The truth is, numbers are such an integral part of our lives, and yet how many of us can truly claim to understand them? How many of us really know what mathematicians are talking about when they use words like theorem, cosine, differential equation, and dear god in heaven why won’t you stop hitting me with that hammer? Math is confusing stuff, and just because I get my kicks by using a calculator to spell out words like “goose egg” (66335006) and “boobies” (5318008), that doesn’t mean I’ve got any of it figured out.

To be perfectly honest, numbers scare me a little. My wife says that this is no excuse for refusing to balance a checkbook, or for spending our retirement money on that mail-order kangaroo I bought last month. I think she’s just a little jealous of all the time I’ve been spending with Joey lately, and so she doesn’t recognize just how freaky numbers can actually be. Though, come to think of it, kangaroos can be pretty freaky sometimes, too.

I wonder if maybe I can ask for a refund.

Damn, I hope that won’t involve any sort of math.

Hope you like them. Happy holidays, everyone.

After lo, these many months, the Friday Five seems to be back:

1. What holiday or holidays do you celebrate this time of year? Christmas and New Years, although Christmas is definitely the bigger deal. More likely than not, I’ll be spending New Year’s Eve by myself.

2. What was the best gift you have ever received? The car my parents bought me last year definitely ranks right up there, if only because it’s changed so many things and made so many of them easier. But, above all, I like to be surprised by gifts. I like to be given things I didn’t know I wanted. I don’t like coming up with a list and saying, “this, this, and this.” I mean, I have a wishlist, and my parents did insist I share it with them, but it’s there mostly so I can remember, “hey, these things are cool.”

3. What was the worst gift you’ve ever given? That’s difficult to answer. I know there have been gifts that I’ve returned that I wish I had kept. And while I understand that some relatives don’t know what to get me besides money, there’s just not as much fun to cash in an envelope. But really, the only way to disappoint me with a gift is to put no thought into it whatsoever. I appreciate simple, heartfelt cards just as much as silly gizmos and toys.

Oh wait. The worst gift I’ve ever given someone else? Nah, they’re all good. Or I have very polite friends. Actually, come to think of it, I don’t buy a lot of gifts for other people.

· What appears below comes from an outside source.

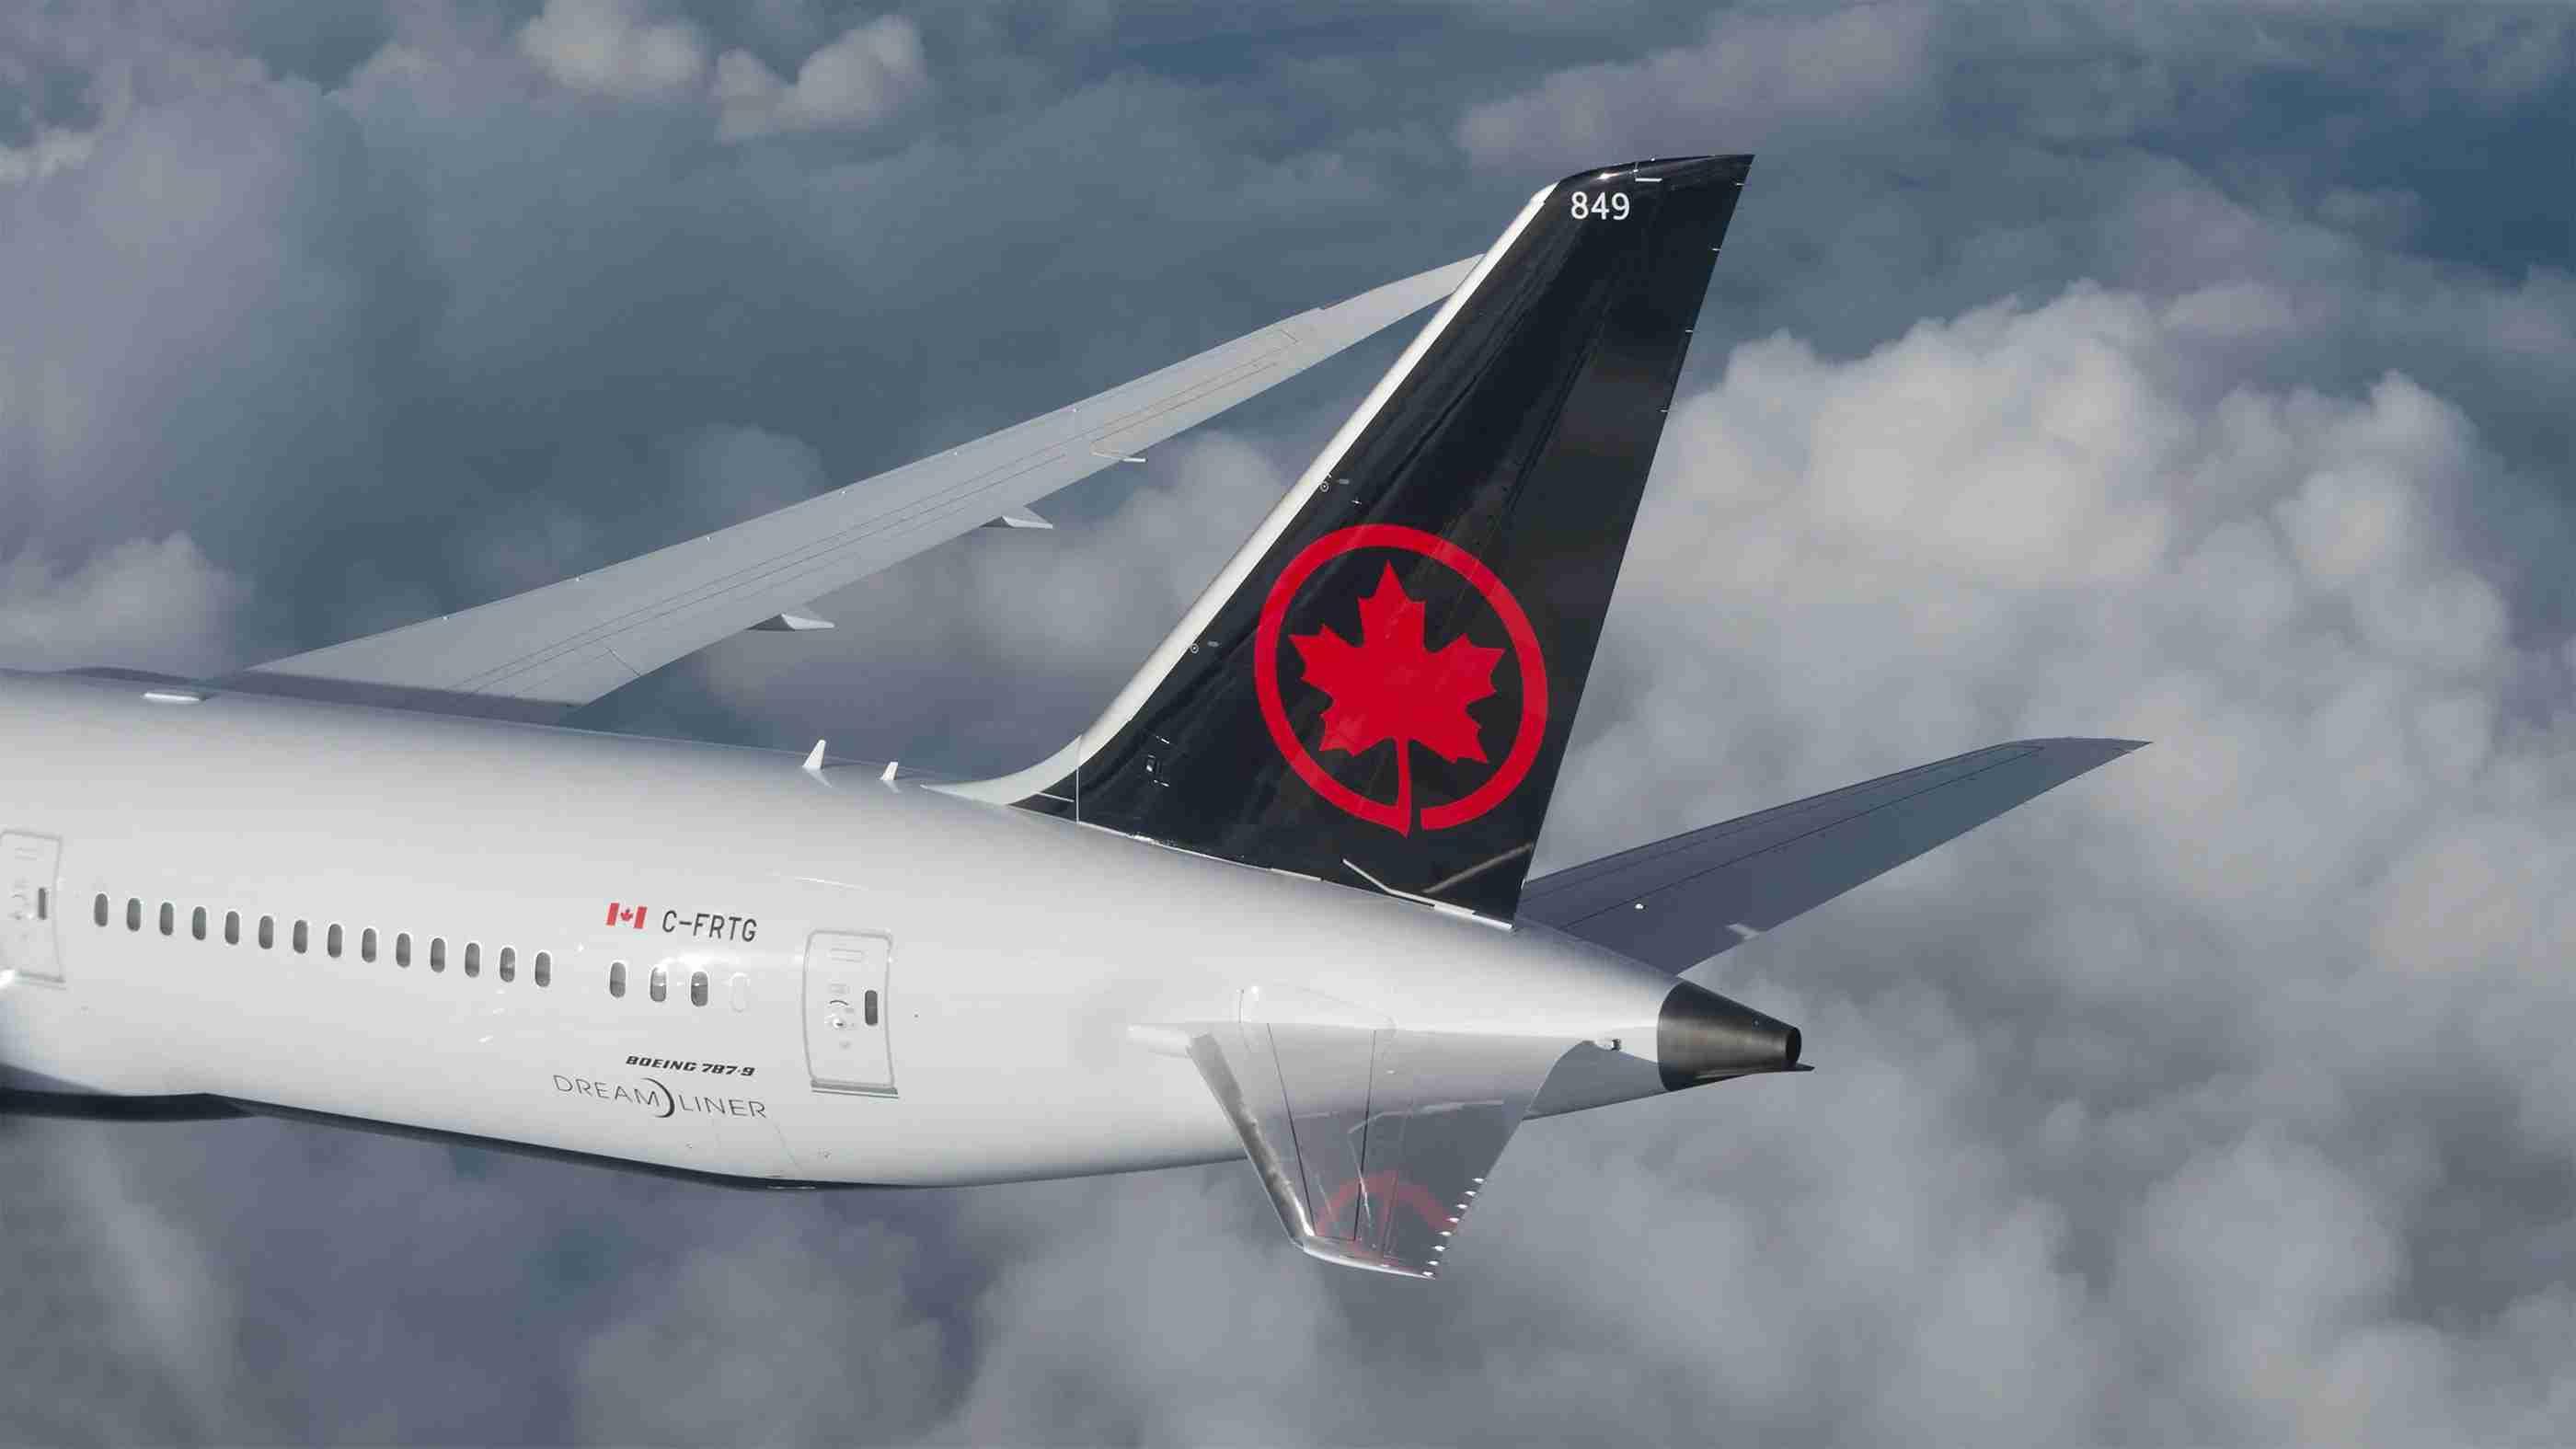 Photo courtesy of Air Canada.

4. Where will you be celebrating the holidays? Are you hosting? Going away? I am headed back to New York, probably on Sunday, for about a week. We’ll go to my grandparents’ house on Christmas Eve like we’ve done all my life, and then I think my parents are hosting Christmas for the rest of the family.

5. If you could spend the holidays with someone who isn’t around, who would it be with? Why? I don’t know. This will be my family’s first Christmas in twelve years without our dog, Duncan, who passed away in late May. In fact, I can’t remember a Christmas without either Duncan or our first dog, Balthazar. It will certainly be a different experience.